High-Fidelity Logical Magic State Preparation. A Step Towards Fault Tolerant Quantum Computing. New Research From Quantinuum et al.

The pursuit of scalable, fault-tolerant quantum computation necessitates robust methods for preparing and manipulating logical qubits, the units of quantum information that are protected from environmental noise. A critical component of this endeavour is the creation of ‘magic states’, essential resources for universal quantum computation beyond the limitations of Clifford gates. Researchers at the University of California, Davis and Sandia National Laboratories, alongside colleagues at Quantinuum, report a successful experimental demonstration of high-fidelity logical magic states achieved through a technique known as code switching.
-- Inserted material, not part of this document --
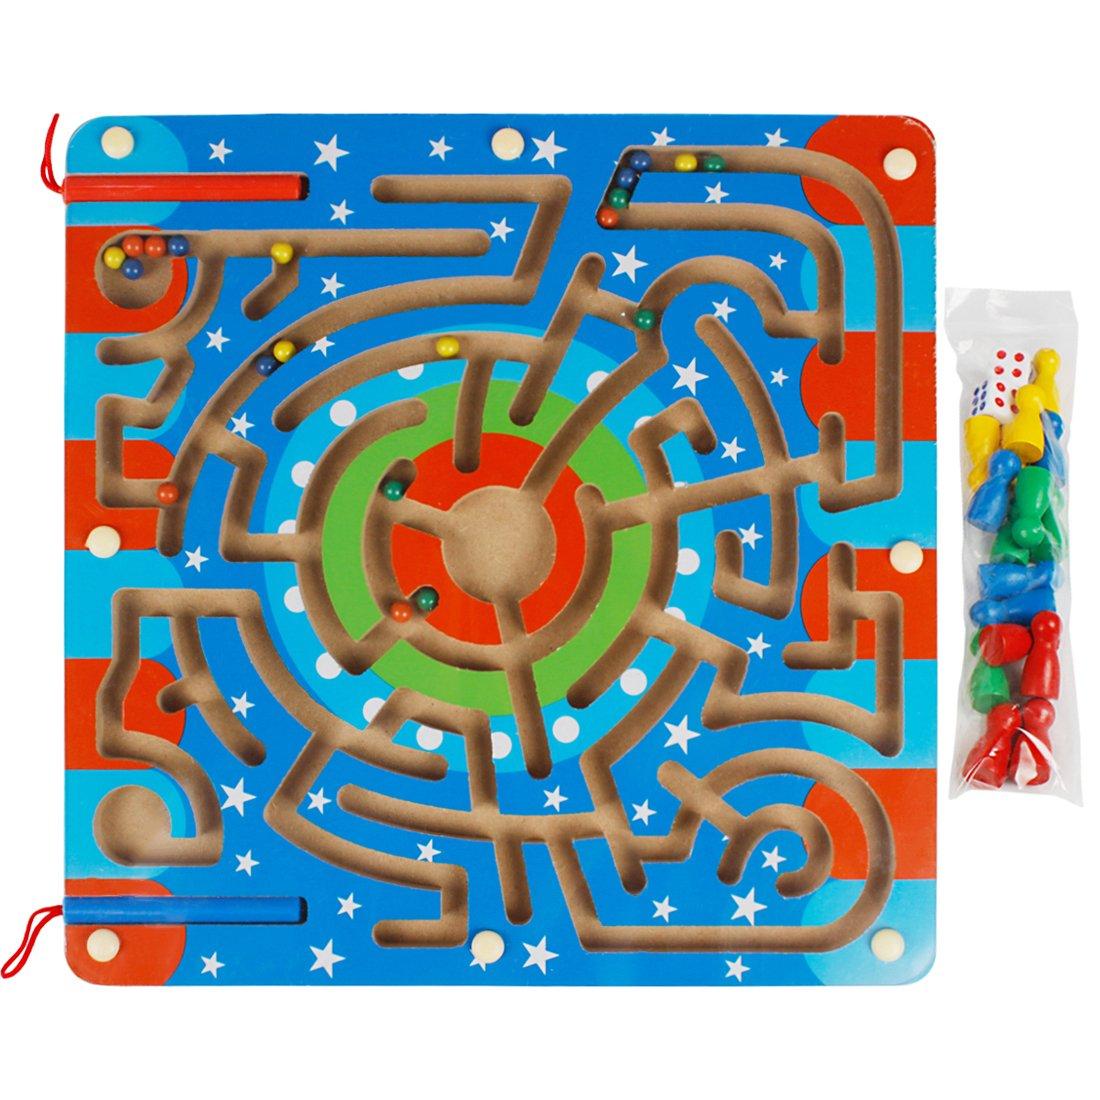 Andux Zone 2 en 1 Madera Laberinto Magnético Puzzle Maze Juego de Tablero de Madera Ajedrez de vuelo Animales Número Laberinto Juguetes para niños CXMG-01 (Estrellas): Amazon.es: Juguetes y juegos

This involves preparing a magic state within one error-correcting code and transferring it to another, a complex process now realised using an ion-trap processor. Lucas Daguerre, Robin Blume-Kohout, Natalie C. Brown, David Hayes and Isaac H. Kim detail their findings in a study titled ‘Experimental demonstration of high-fidelity logical magic states from code switching’, showcasing a protocol that yields a logical magic state with state-of-the-art fidelity and a reported infidelity lower than the underlying physical operations.

Recent advances in quantum error correction offer a considerable boost to the pursuit of scalable, fault-tolerant quantum computation, particularly through the innovative application of code switching techniques. Researchers demonstrate a successful implementation of this approach, preparing high-fidelity logical magic states, essential components for building practical quantum computers and mitigating the limitations imposed by noisy quantum hardware. This work details an experimental demonstration utilising an ion-trap processor, yielding a logical magic state encoded with state-of-the-art fidelity and establishing a new benchmark for quantum error correction performance.

The experiment successfully implements a code-switching protocol, transferring an encoded magic state from a fifteen-qubit Reed-Muller code to a seven-qubit Steane code. This leverages the benefits of both codes to achieve a high-fidelity logical magic state. A magic state, in this context, is a specific quantum state required to implement non-Clifford gates, operations necessary for universal quantum computation but not natively available on many quantum platforms. The experiment achieves a preparation success probability exceeding 80%, with an observed infidelity of no more than 0.015, validating the effectiveness of the code-switching technique.

Significantly, this infidelity represents an improvement of at least a factor of ten compared to the inherent infidelity of the physical two-qubit operations employed within the protocol, indicating the processor operates below the pseudo-threshold for fault tolerance. The pseudo-threshold represents a critical point where the rate of error correction exceeds the rate of error accumulation, enabling reliable quantum computation. To further validate the encoded state, the team generates two copies of the magic state. It performs a logical Bell basis measurement, providing a sample-efficient method for certifying the quality of the encoded quantum information. A Bell basis measurement determines the entanglement between two qubits, confirming the coherence of the encoded state.

The demonstrated high-fidelity magic state complements previously demonstrated fault-tolerant Clifford gates, state preparation, and measurement within the 2D colour code architecture, completing a universal set of fault-tolerant primitives. Logical error rates achieved with these primitives are equal to, or better than, the physical two-qubit error rate, signifying a substantial step towards practical quantum computation and demonstrating the effectiveness of the implemented error correction strategies. Future work will likely focus on scaling this approach to larger code distances and exploring alternative code switching strategies to optimise fidelity further and reduce resource overhead.

To further validate the encoded magic state, researchers generate two identical copies on the same processor and perform a logical Bell basis measurement, providing strong evidence of the state’s fidelity and coherence. The prepared encoded magic state within the Steane code exhibits a probability of successful preparation, accompanied by an infidelity of no more than 0.003. This reported infidelity represents a significant improvement, being at least a factor of ten lower than the infidelity of the physical two-qubit operations employed within the protocol, indicating the ion-trap processor operates below the pseudo-threshold, a crucial benchmark for fault-tolerance.